### The data
--------------------

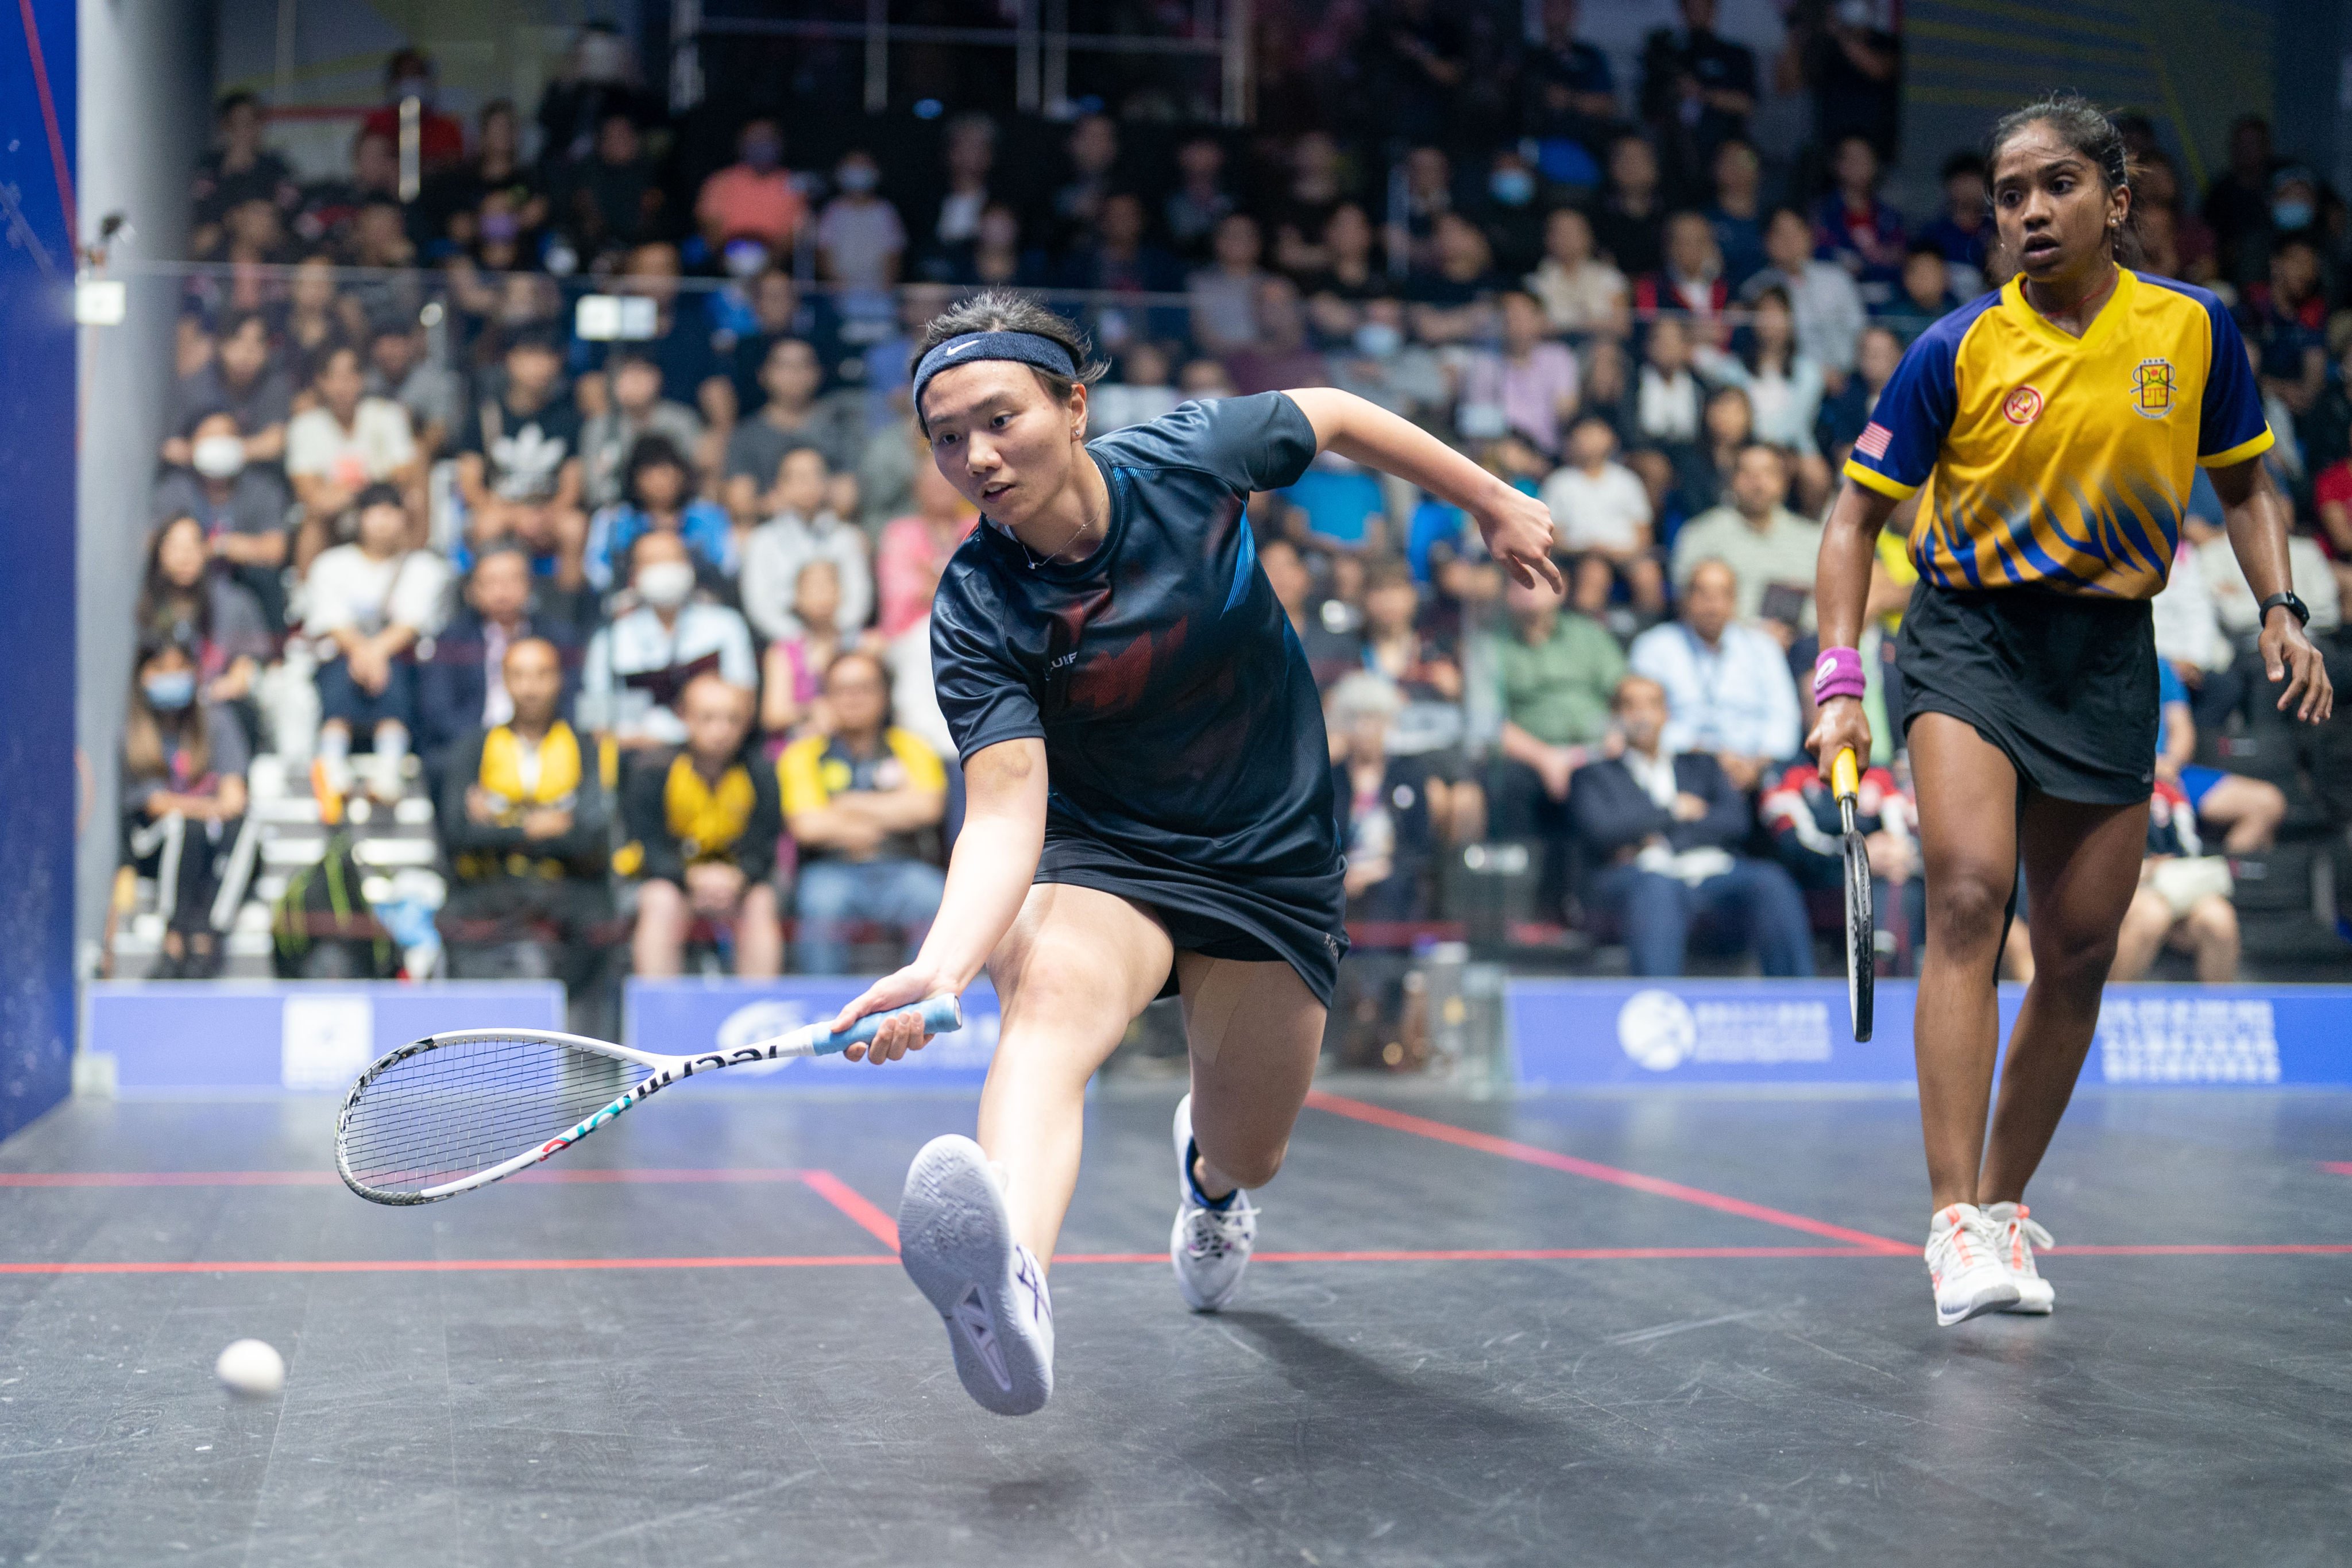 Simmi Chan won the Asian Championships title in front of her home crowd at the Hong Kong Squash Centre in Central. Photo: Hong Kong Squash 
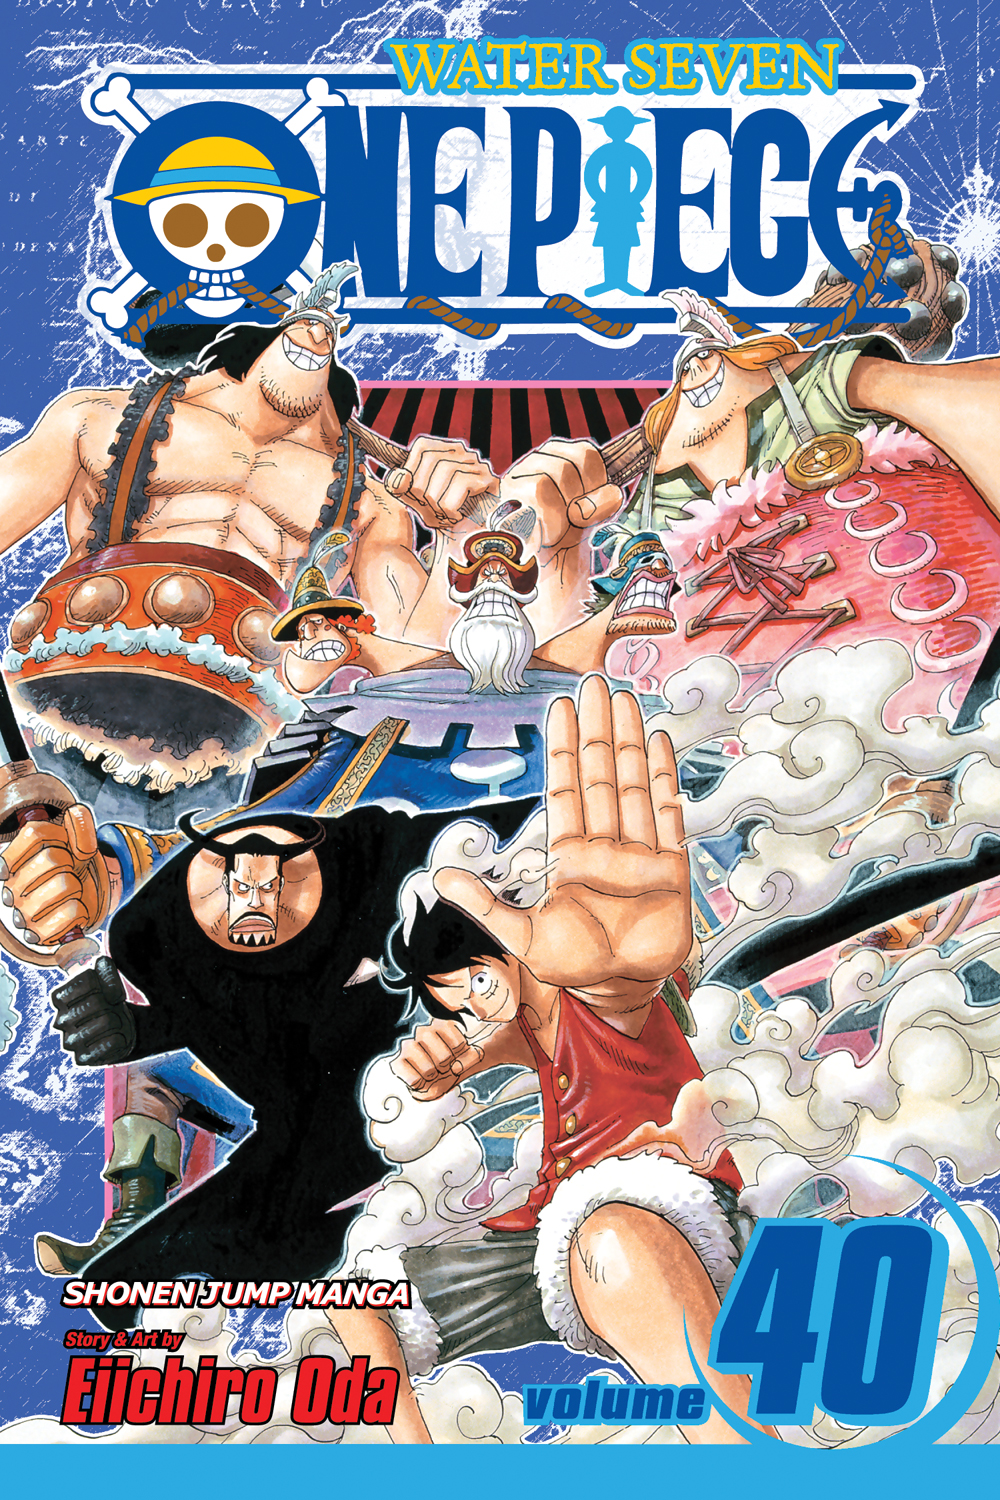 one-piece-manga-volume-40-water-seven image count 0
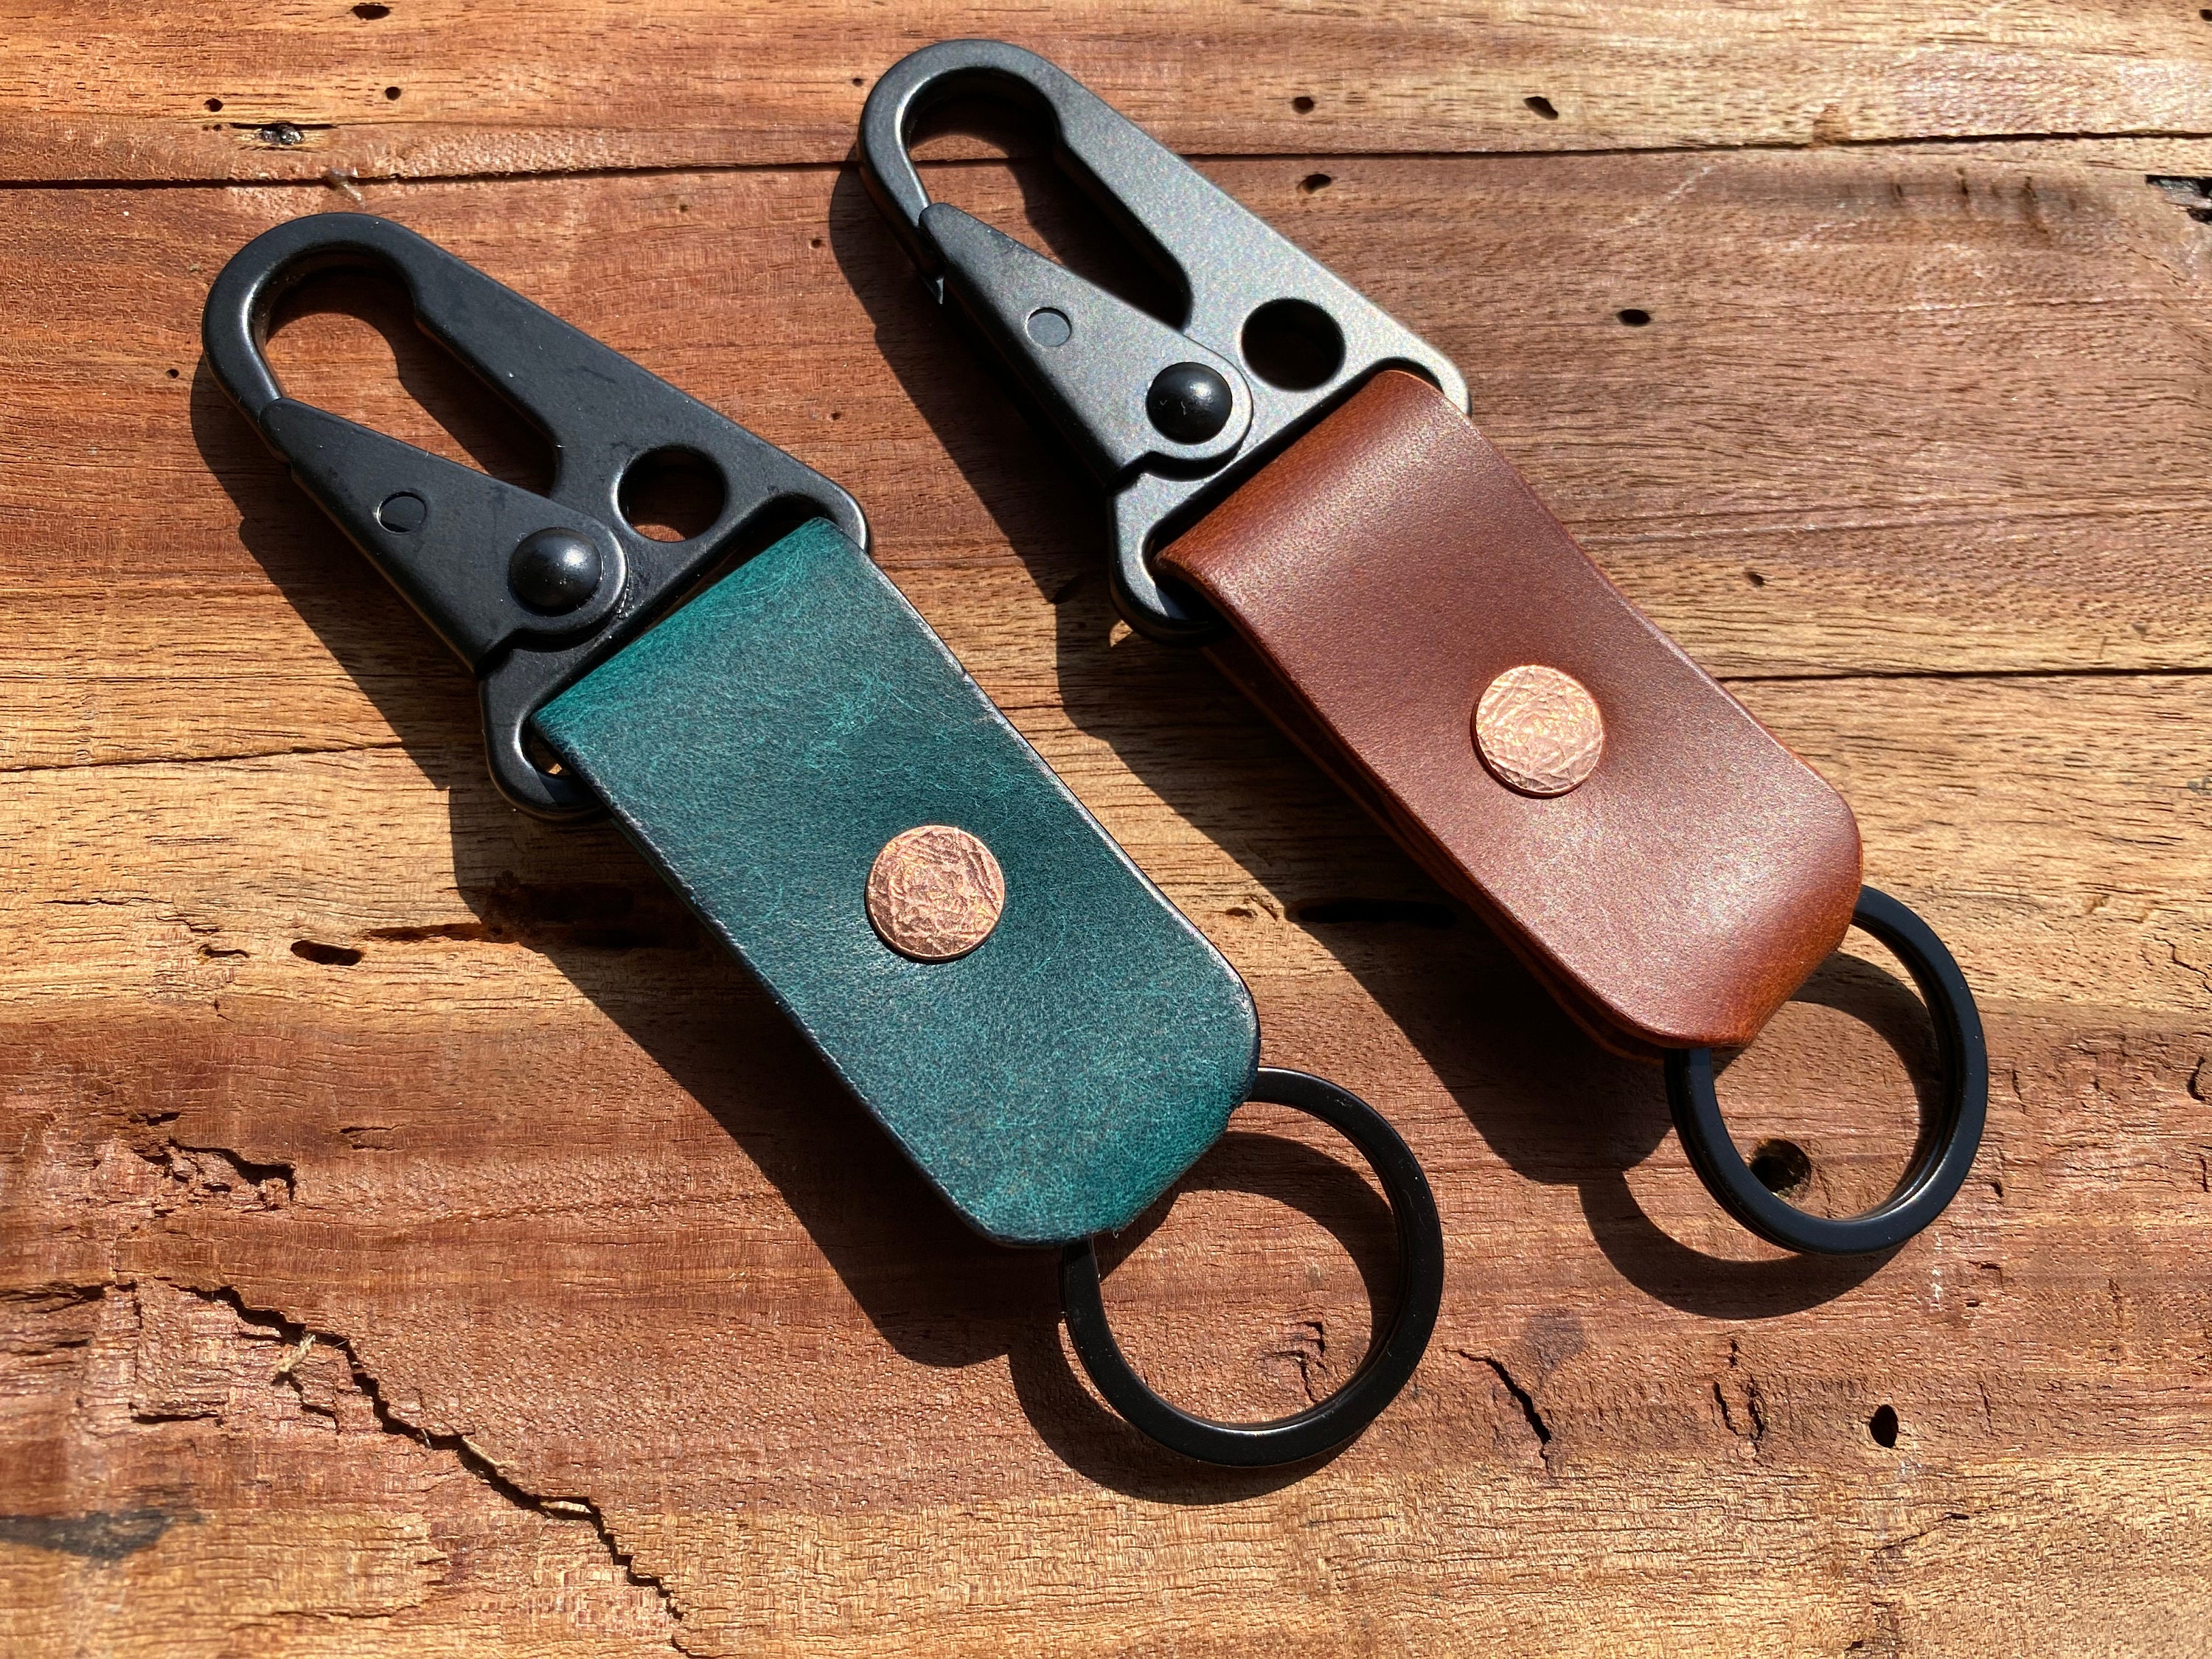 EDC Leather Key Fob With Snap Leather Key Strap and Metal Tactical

--------------------

### What is being asked
Where images occur in the data above, leave them out and repeat everything else exactly.

### Written solution
 Simmi Chan won the Asian Championships title in front of her home crowd at the Hong Kong Squash Centre in Central. Photo: Hong Kong Squash 
 one-piece-manga-volume-40-water-seven image count 0
 EDC Leather Key Fob With Snap Leather Key Strap and Metal Tactical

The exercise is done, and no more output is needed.